Con estos ingredientes, la política pasó en pocos años de ser fundamental en nuestras vidas a ser algo volátil, que nos afecta de refilón, quizá porque le falta un hilo conductor. Gira en torno al corto plazo sin estrategia aparente, bajo el imperio del pragmatismo y las estadísticas, y se mueve con una prisa que impide digerirla o degustarla; véase la reciente ley de dependencia, desdibujada entre un cascada de acontecimientos mucho menos importantes.

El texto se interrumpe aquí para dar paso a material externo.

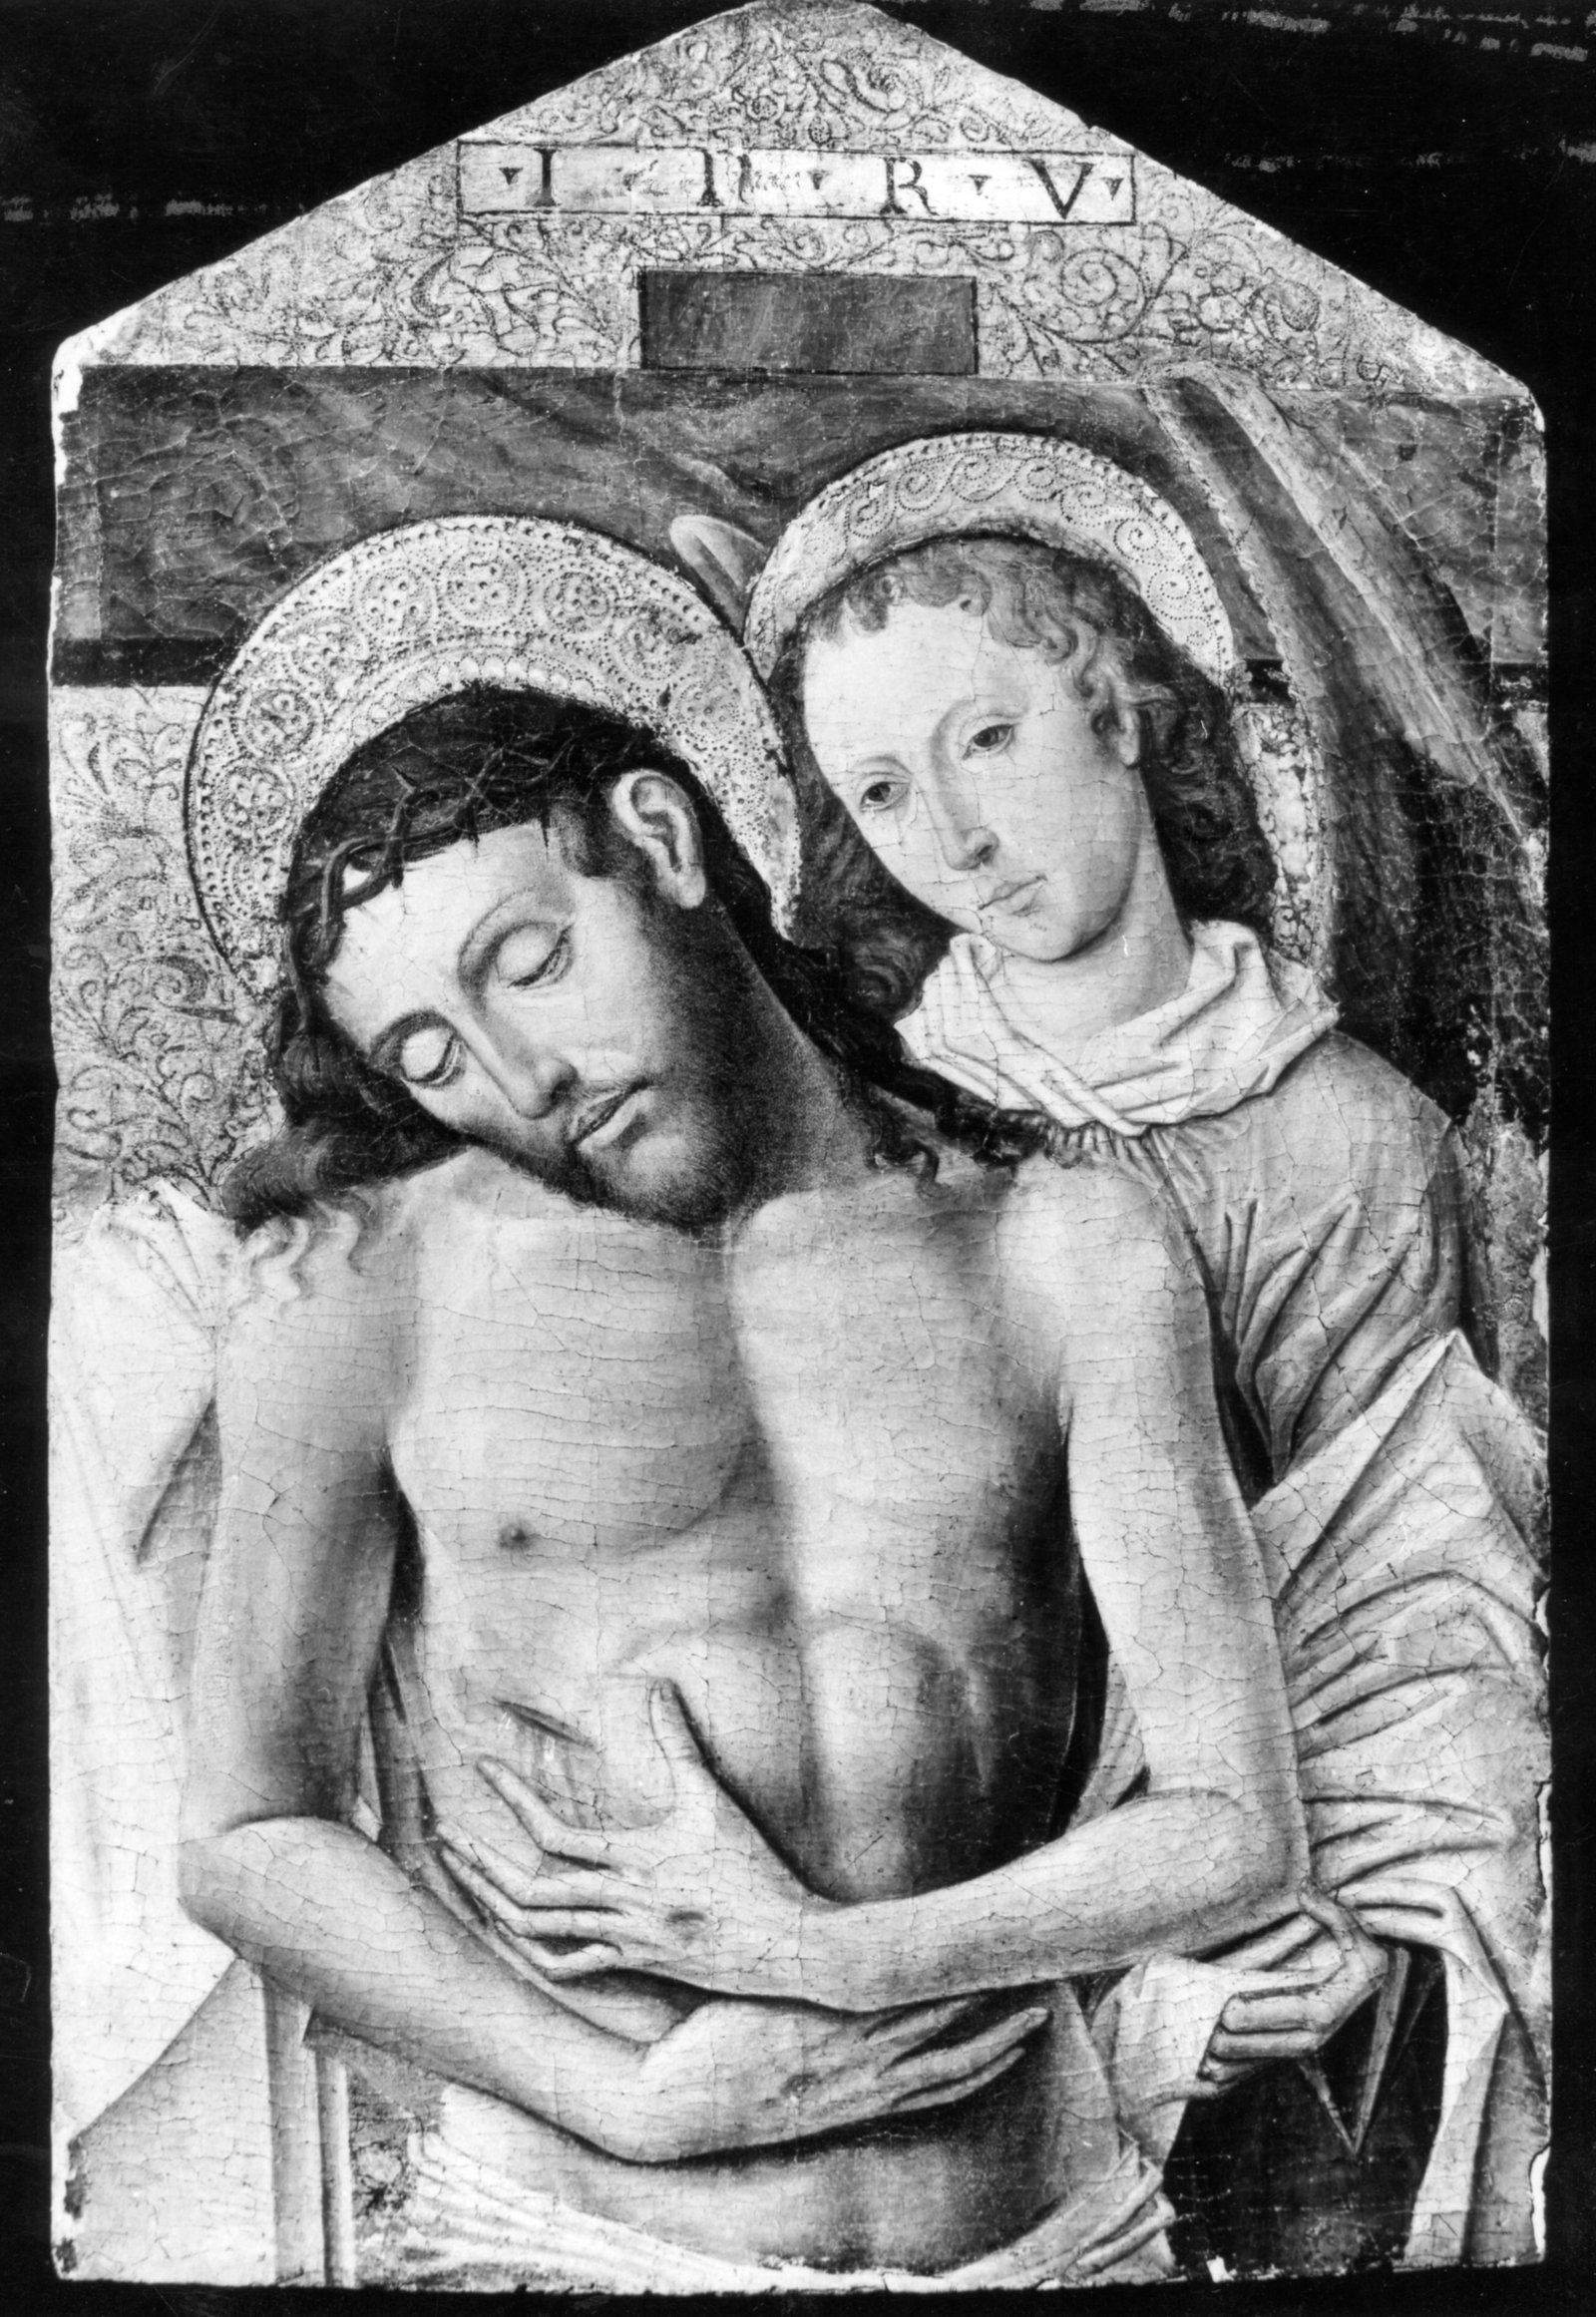 Mestro della Madonna Cagnola (Zanetto Bugatto): Cristo morto sorretto da un angelo. Ubicazione ignota

Pero no sólo ha cambiado la política en sí, sino también sus formas. El martillo neumático golpea con mayor fuerza que nunca la acción de gobierno, incluso en temas como el terrorismo, donde el desencuentro total es un hecho de suma gravedad. Cualquier oposición necesita musculatura para ejercitar su cometido, pero también cabeza, y debe ser consciente de que se convierte en alternativa cuando propone lo que el gobierno omite y despliega un movimiento envolvente en asuntos de gran calado. A la oposición, si aspira a llegar a algo, se le tiene que ver cara de gobierno y no ceño de reñidor contumaz.

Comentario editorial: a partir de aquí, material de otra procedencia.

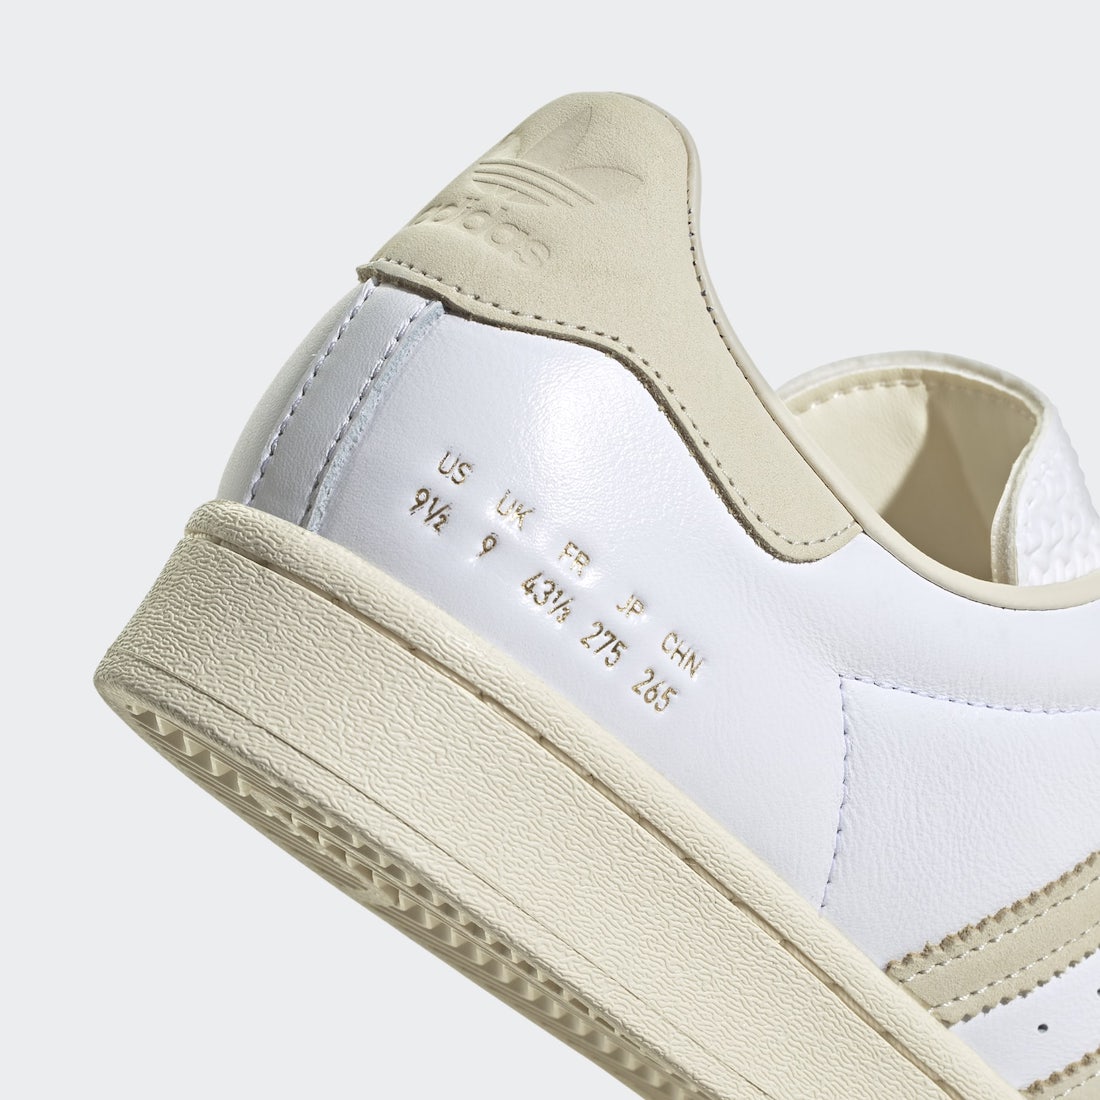 adidas Superstar White Cream H05361 Release Date

El propio parlamentarismo ha perdido fuerza. El apunte certero que desde la tribuna de oradores iluminaba la argumentación ha dado paso al guión escrito y el chascarrillo, la agudeza o la frase enfática: histórico momento, usted sabe bien que está mintiendo, lo reto a... Las bancadas se increpan pero no se escuchan, como si no hubiera lugar para el encuentro, para convencer y ser convencido. La pérdida también se delata en el exceso de dramaturgia. La imagen vale más que la palabra y se está antes pendiente de ser visto que de ser escuchado, por eso se habla en demasía hacia el interior del partido, con discursos destinados a cargar de razón a los votantes fieles, sin medir las consecuencias en el resto de la ciudadanía, sumida en el cansancio. Y todo ello envuelto en una tendencia general a no asumir errores o fracasos, como sucedió con el azote de los incendios y ahora con el Estatuto. No se dan cuenta Gobierno y oposición de que en la medida en que sean capaces de reconocerlos se humanizan; errare humanum est. Quizá estas patologías tengan que ver con una excesiva profesionalización de la política, delegada con demasiada frecuencia en funcionarios o políticos de carrera y, por lo tanto, carente de la diversidad que se da en la sociedad.

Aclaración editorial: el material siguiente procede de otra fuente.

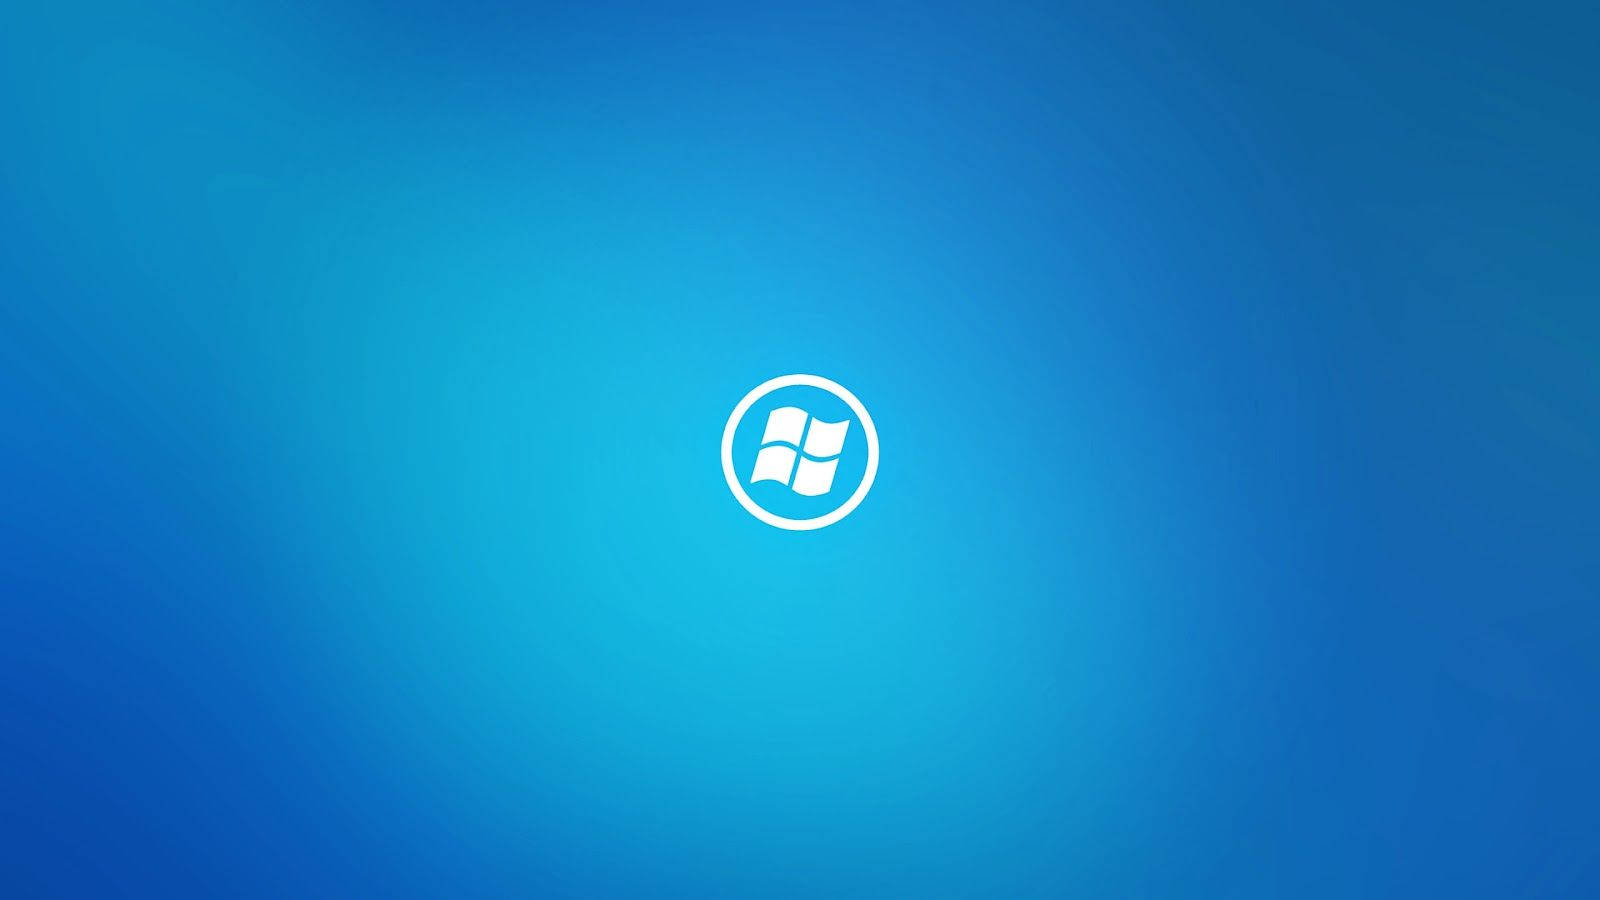 Logotipodo Windows 10 Em Hd Em Formato Circular. Papel de Parede

A pesar de todo, la política y sus instrumentos institucionales son claves en el ejercicio de la democracia, encauzan el desarrollo de derechos y deberes y sirven como colchón de nuestras fricciones e intereses. Por eso hay que exigir que sean realistas y no se pierdan en bizantinismos, y al mismo tiempo vayan por delante de los problemas e inquietudes civiles, ofreciendo alternativas y acotando en sus programas las cuestiones de país, aquellas en las que es necesario negociar sin desaliento. El político ha de ser experto en el presente, conocedor de un pasado que, por cierto, pocas veces fue mejor, y seductor del futuro. Como tal, fija plazos a sus iniciativas sin ceñirlas a los períodos electorales, de manera que se vislumbre un discurso inequívoco tanto sobre lo que somos como sobre lo que queremos y tenemos que ser.

La política tiene que interesar sin espectáculo, hacernos permanecer atentos en el sillón en vez de hacer zapping, invitarnos al compromiso en lugar de empujarnos a la indiferencia y, sobre todo, que se desprenda de su ejercicio una ética ejemplar.